The 15 noncontrolled studies included 4629 patients. Of these patients, at least 2552 (55.1%) underwent directly orthopedic-related procedures (the numbers were unclear for 4 studies26,28,37,53). (Table 6).
Outcomes measured
The 6 controlled intervention studies used 6 methods to measure pain outcomes: a numeric rating scale (NRS), a verbal rating scale (VRS), a visual analogue scale (VAS), the sum of pain intensity differences (SPID), the McGill pain questionnaire and the amount of rescue analgesia required (Table 5).

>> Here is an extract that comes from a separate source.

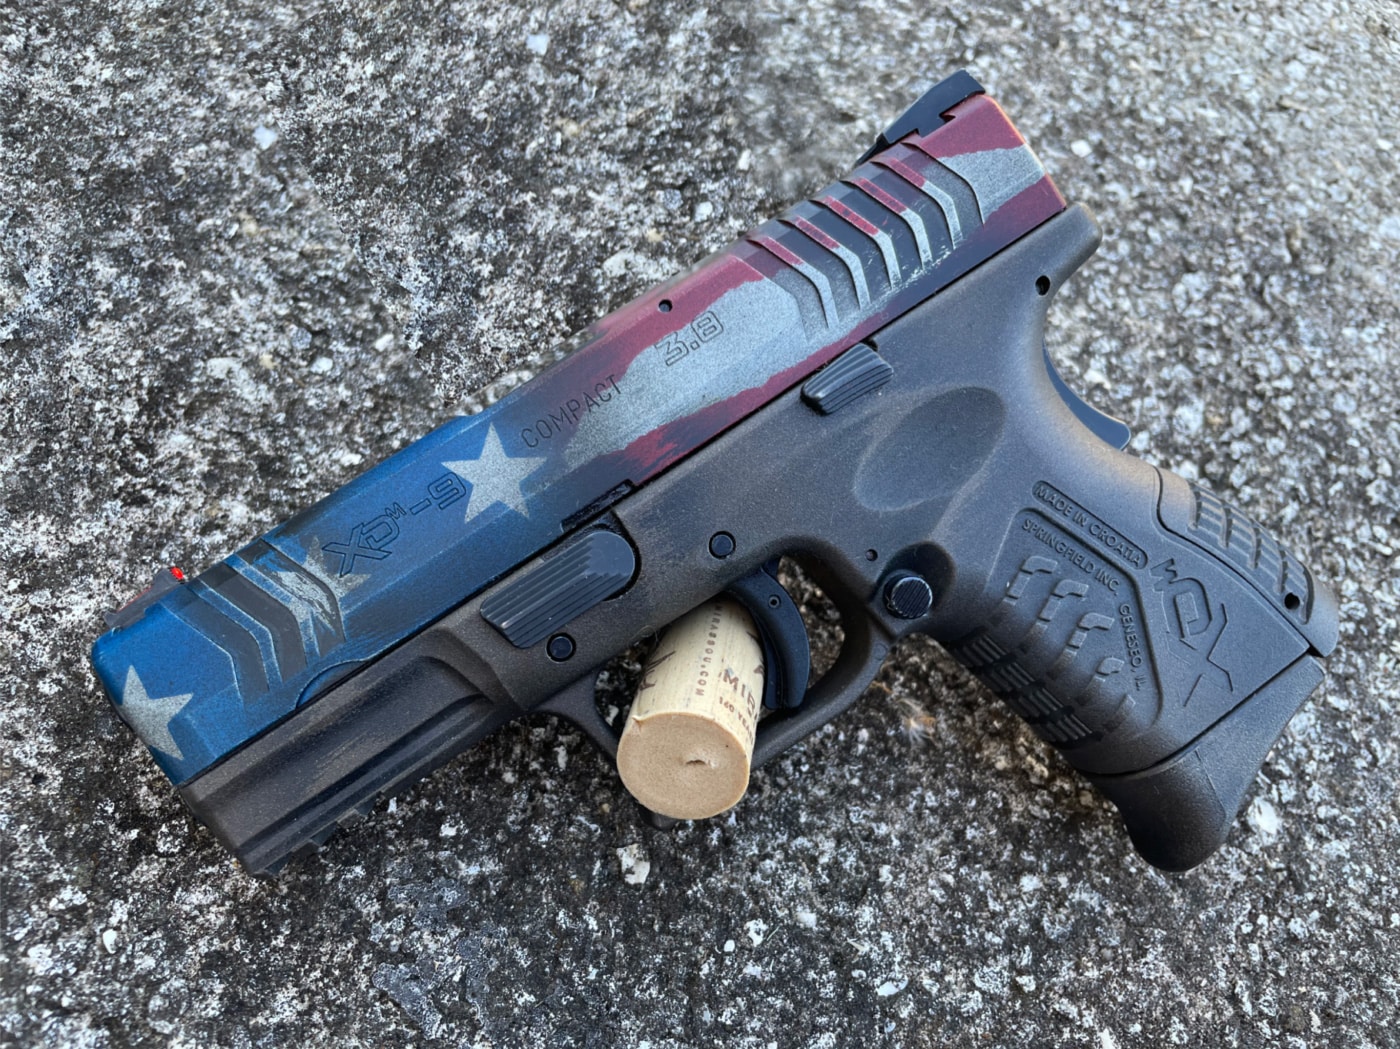 xd-m compact with cerakote

The noncontrolled study used 7 methods to measure pain outcomes: the McGill pain questionnaire, patient-controlled analgesia (PCA) morphine required, perceived effectiveness, the brief pain inventory (BPI), the treatment outcomes of pain survey (TOPS), a VAS and a qualitative interview asking about pain. In 1 study38 the method used to measure the pain outcome was unspecified and in 3 studies25,26,28 there were no pain outcomes (Table 6).
Efficacy — controlled studies
There were only 6 controlled studies, including 5 RCTs and a nonrandomized intervention study (Table 5). Three studies evaluated the efficacy of nabilone,24,34,35 an oral synthetic cannabinoid. One study evaluated levonantradol, 50 another synthetic cannabinoid that can be administered orally or intramuscularly. One study evaluated nabiximols13 (trade name Sativex), which is an oral cannabis extract spray that delivers a set dosage of THC and CBD per spray. The nonrandomized study29 evaluated an oral capsule containing cannabis extract (trade name Cannador).
Oral nabilone
Beaulieu,34 Frank and colleagues35 and Levin and colleagues24 conducted RCTs to evaluate nabilone. These 3 studies included 477 patients who underwent surgery or who had chronic neuropathic pain, only 90 of whom were orthopedic patients. One study was a dose-escalation study evaluating doses of 250 μg to 2 mg and the other 2 studies evaluated 0.5 mg, 1 mg and 2 mg doses. All studies used oral capsules. The frequency of administration also varied greatly between the 3 studies, with 1 study only administering nabilone once, 1 study administering the drug once daily and 1 study administering the drug 3 times daily. One study used a placebo comparator, 1 study used an active comparator (dihydrocodeine) and 1 study had a placebo arm and an active comparator arm (ketoprofen). The studies were generally short in duration, ranging from 300 minutes to 14 weeks. All 3 studies had a pain outcome, using 2 different pain rating scales (VAS pain and NRS pain). None of the 3 studies showed a significant improvement in pain symptoms. In the 2 studies with active comparators, cannabis performed worse than the active comparator in terms of pain relief. Additionally, nabilone had more side effects than dihydrocodeine and a similar number of side effects compared with ketoprofen.
Nabiximols oral spray
One study13 evaluated nabiximols as an oral spray. Participants started with 1 spray per day before bed and were allowed to increase this to 6 sprays as tolerated. Sprays delivered 2.7 mg THC and 2.5 mg CBD each. Participants used a mean of 14.6 mg THC and 13.5 mg CBD per day by the end of the study period. This study comprised 58 patients with rheumatoid arthritis whose regular medication was not adquately controlling their pain. The study used a placebo as a comparator. The study duration was 5 weeks. Nabiximols use showed an improvement in pain control on the McGill pain score and NRS pain compared with placebo, and there were fewer dropouts from the nabiximols group because of adverse events than from the placebo group.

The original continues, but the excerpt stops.